Variedad de día de compras

Nos hemos pasado el fin de semana con el sol atenuado y de un inusual tono plomizo aunque al final no se arranca a llorar. Ayer me pasé todo el día de tiendas en mi primera salida de compras navideñas, aunque luego no solucioné nada más que un solo regalo. El resto me lo auto-regalé yo misma, que soy así de espléndida. Tenía una lista de discos pendientes desde hace tiempo, que entre una cosa y otra aun ya tardaba en comprarme. Entre ellos el de Clues. Qué puedo decir de este disco? Un discazo, que no ha parado de sonar en casa, de esos a los que volveré con el tiempo, de los que desde la primera frase te encantan. Our reaching, expecting hands. Searching for what the eyes cannot see. Y ya he entrado en su mundo. Will I be able to feel the difference… when you turn me on and off?

Pero lo mejor del día no fue eso de llegar a casa cargada de discos, sino el no tener ni idea y de repente verte en uno de esos conciertillos molones que se organizan en space 15 twenty. Ahí en su momento ya vimos a fun. (así, con punto al final) que aunque tienen alguna cosa que no me emociona especialmente, en general creo que el debut Aim & Ignite es de los también destacables.

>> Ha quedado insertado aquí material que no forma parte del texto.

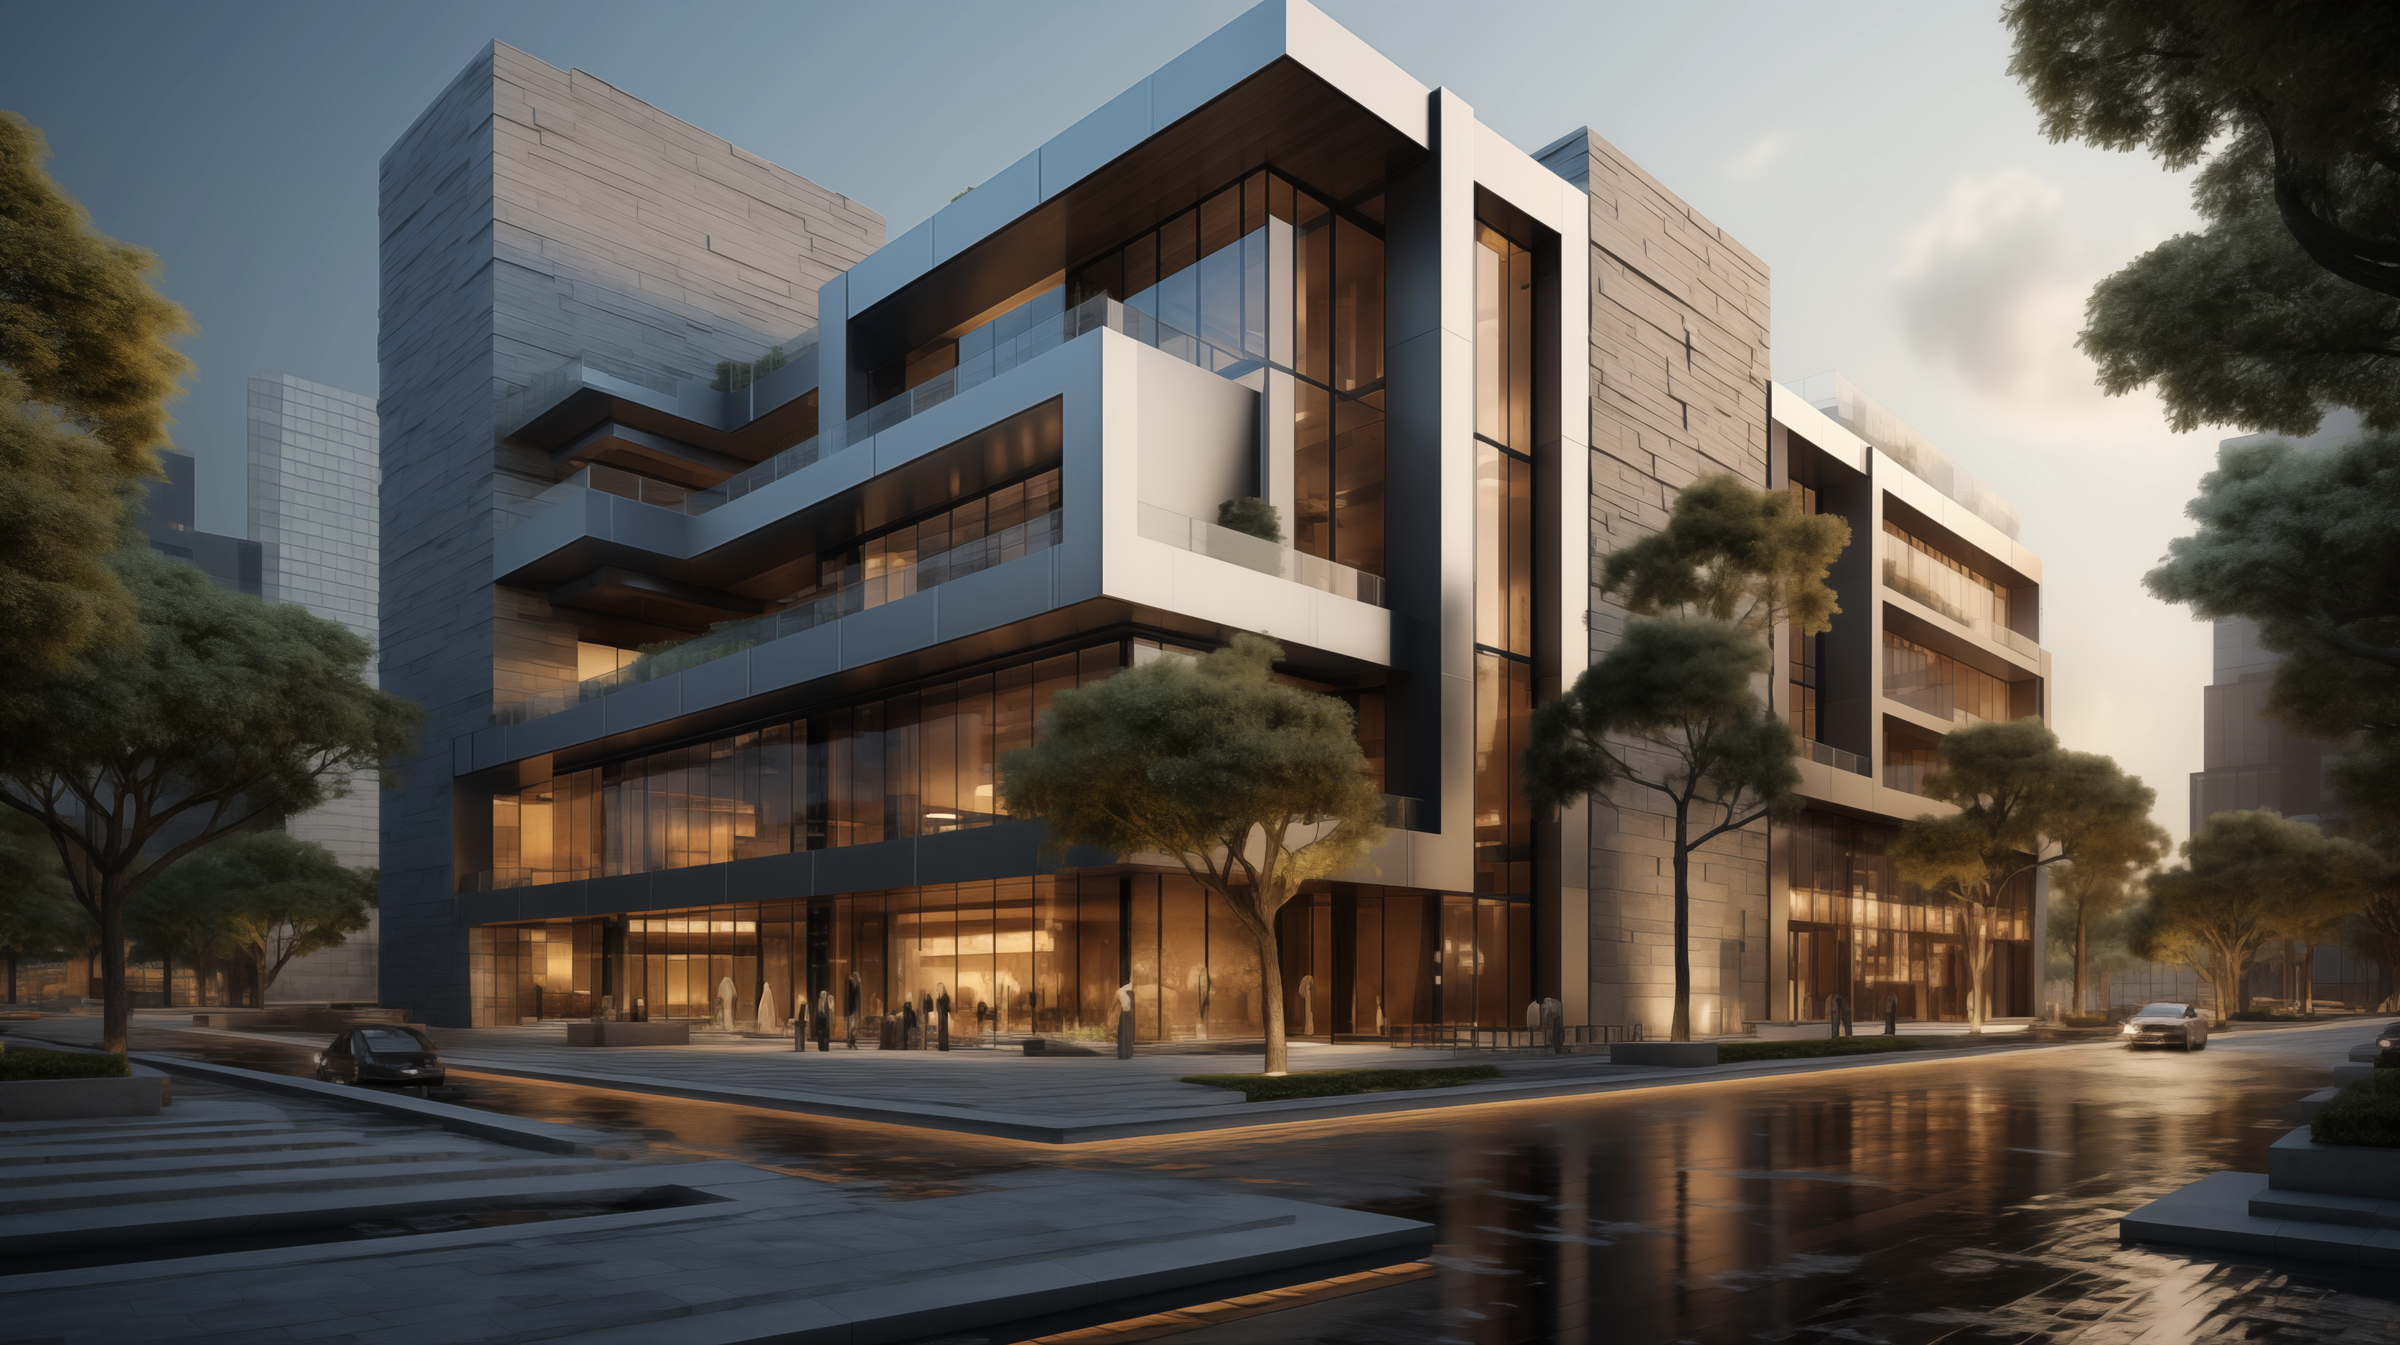 Modern office building facade featuring a variety of textured stone finishes, including bush-hammered, flamed, and naturally split surfaces. The building is set in a contemporary urban environment with trees and a sleek, glass exterior.

El caso es que el space 15 twenty es una especie de centro que pretende aglutinar cierta actividad cultural, además de incentivar tu vena más derrochadora a base de alguna tienda en la que poder sacar a pasear tu tarjeta de crédito. Y allí estaba yo haciendo eso mismo -aireando mi tarjeta, se entiende- cuando faltaba escasa media hora para el concierto de Girls, un concierto a las 3 de la tarde para celebrar el primer año de vida del centro. Uno de esos unannounced secrets shows que a mi me pilló en el lugar para mi grata sorpresa.

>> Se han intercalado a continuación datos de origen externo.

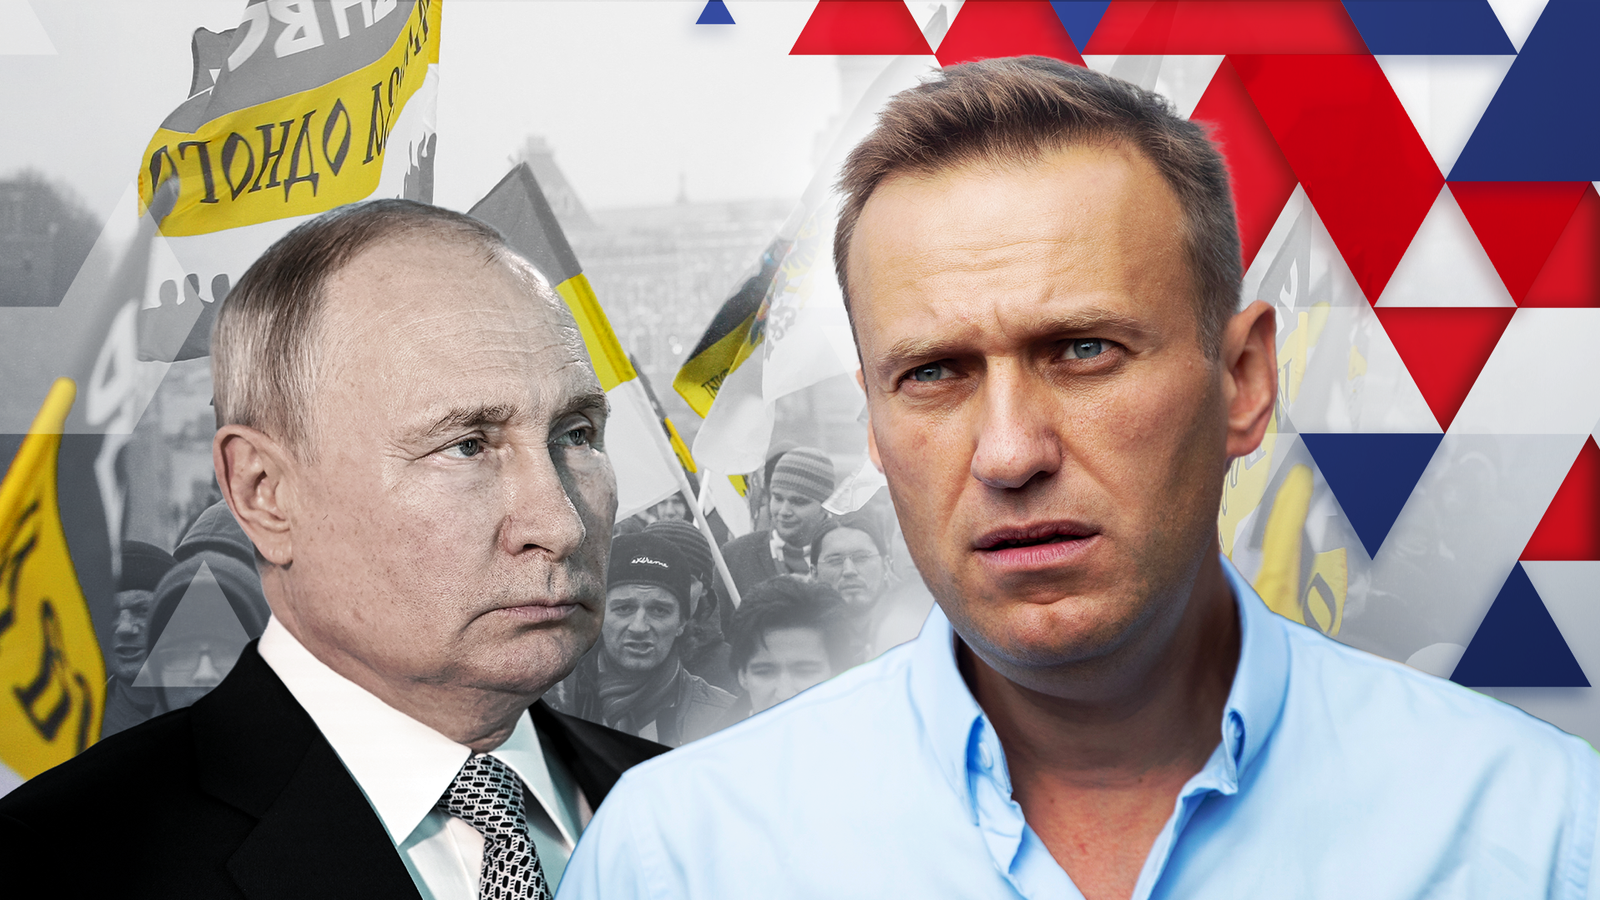 Alexei Navalny: Who is the jailed Putin critic some Russians hope could overthrow him?

Me gustó mucho ver a Girls así, a plena luz del día, ya les he visto en otras ocasiones pero (claro) siempre en locales y de noche, y creo que el de ayer fue el concierto que mejor sensación me dejó. No se si es que era demasiado pronto para dejarse vencer por ciertas veleidades más típicamente nocturnas o quizás mi sorpresa ante lo inesperado del concierto hizo que mi opinión fuera más benigna, pero ayer por la tarde ofrecieron un muy buen aunque breve concierto. Delicioso, íntimo, desairadamente cuidado, encantadoramente improvisado, tan natural como la pregunta de Owens ¿y ahora cuál tocamos? y la contestación de Chet White a modo de gesto de y a mi que me cuentas.

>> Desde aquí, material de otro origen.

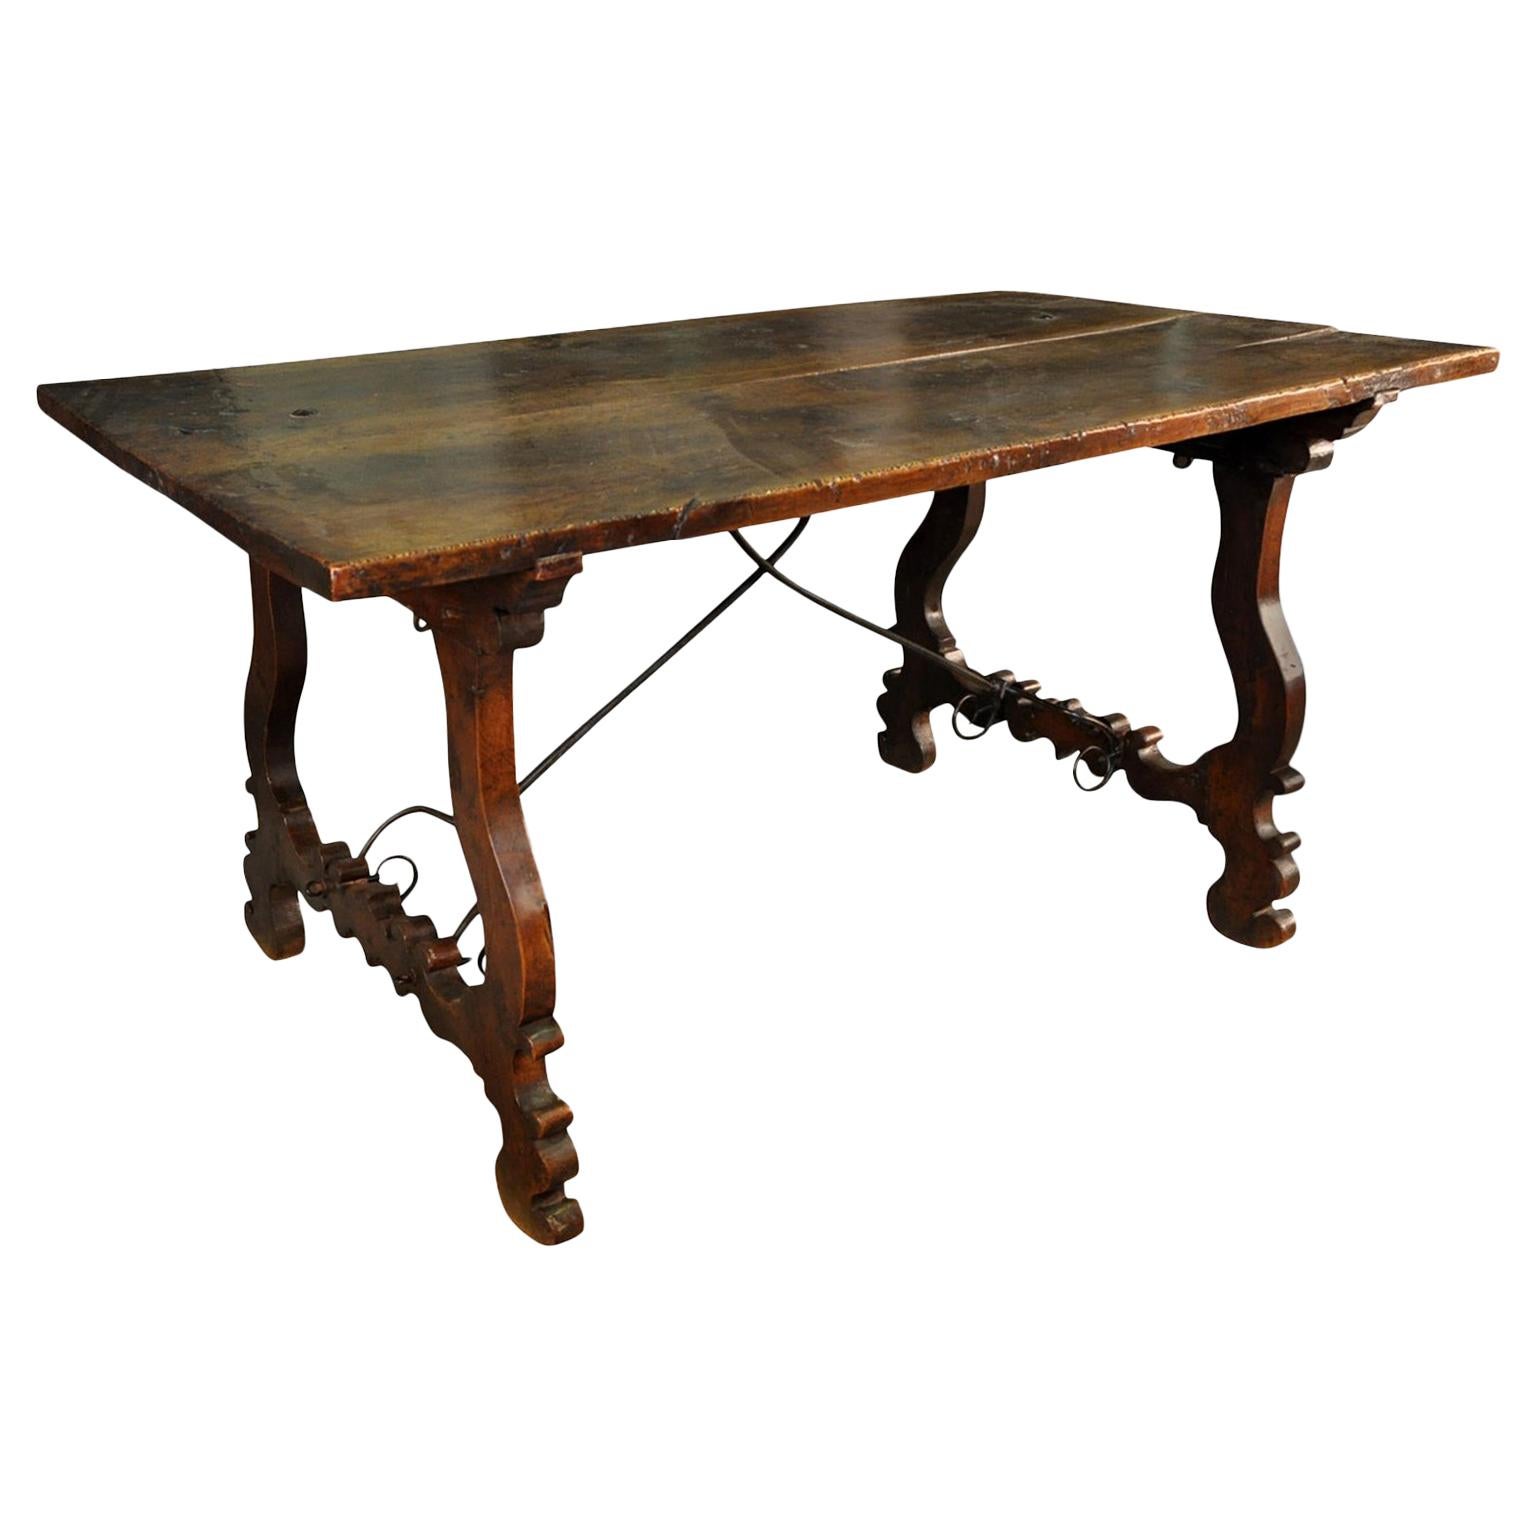 Outstanding 17th Century Spanish Table

Es curioso esta gente, les he visto en otras tantas ocasiones ya que llevan moviéndose por aquí desde cuando aun daban gracias por dejarles tocar un par de canciones o ir abriendo a otros (en aquel caso a Los Campesinos!) hasta ahora que cuelgan el sold out en una sala como troubador, contrato con matador mediante en la evolución/crecimiento del grupo. Y siempre me han dejado con la sensación de que tenían grandes canciones pero que en directo no las defendían como estas merecen. Aquello típico del mejor disco que directo. Con el debut del año indiscutible entre manos, llenando locales y con giras europeas (así en plural) ayer se personaron en el centro como con pinta de despistados y de recién levantados (estoy casi convencida de que al menos Owens no debía llevar más de media hora despierto) y entre la gente ya esperando prepararon ellos mismos sus asuntos -es decir sus pedales, sus cables y demás- en aquellos escalones a los que llamar escenario resulta demasiado pretencioso.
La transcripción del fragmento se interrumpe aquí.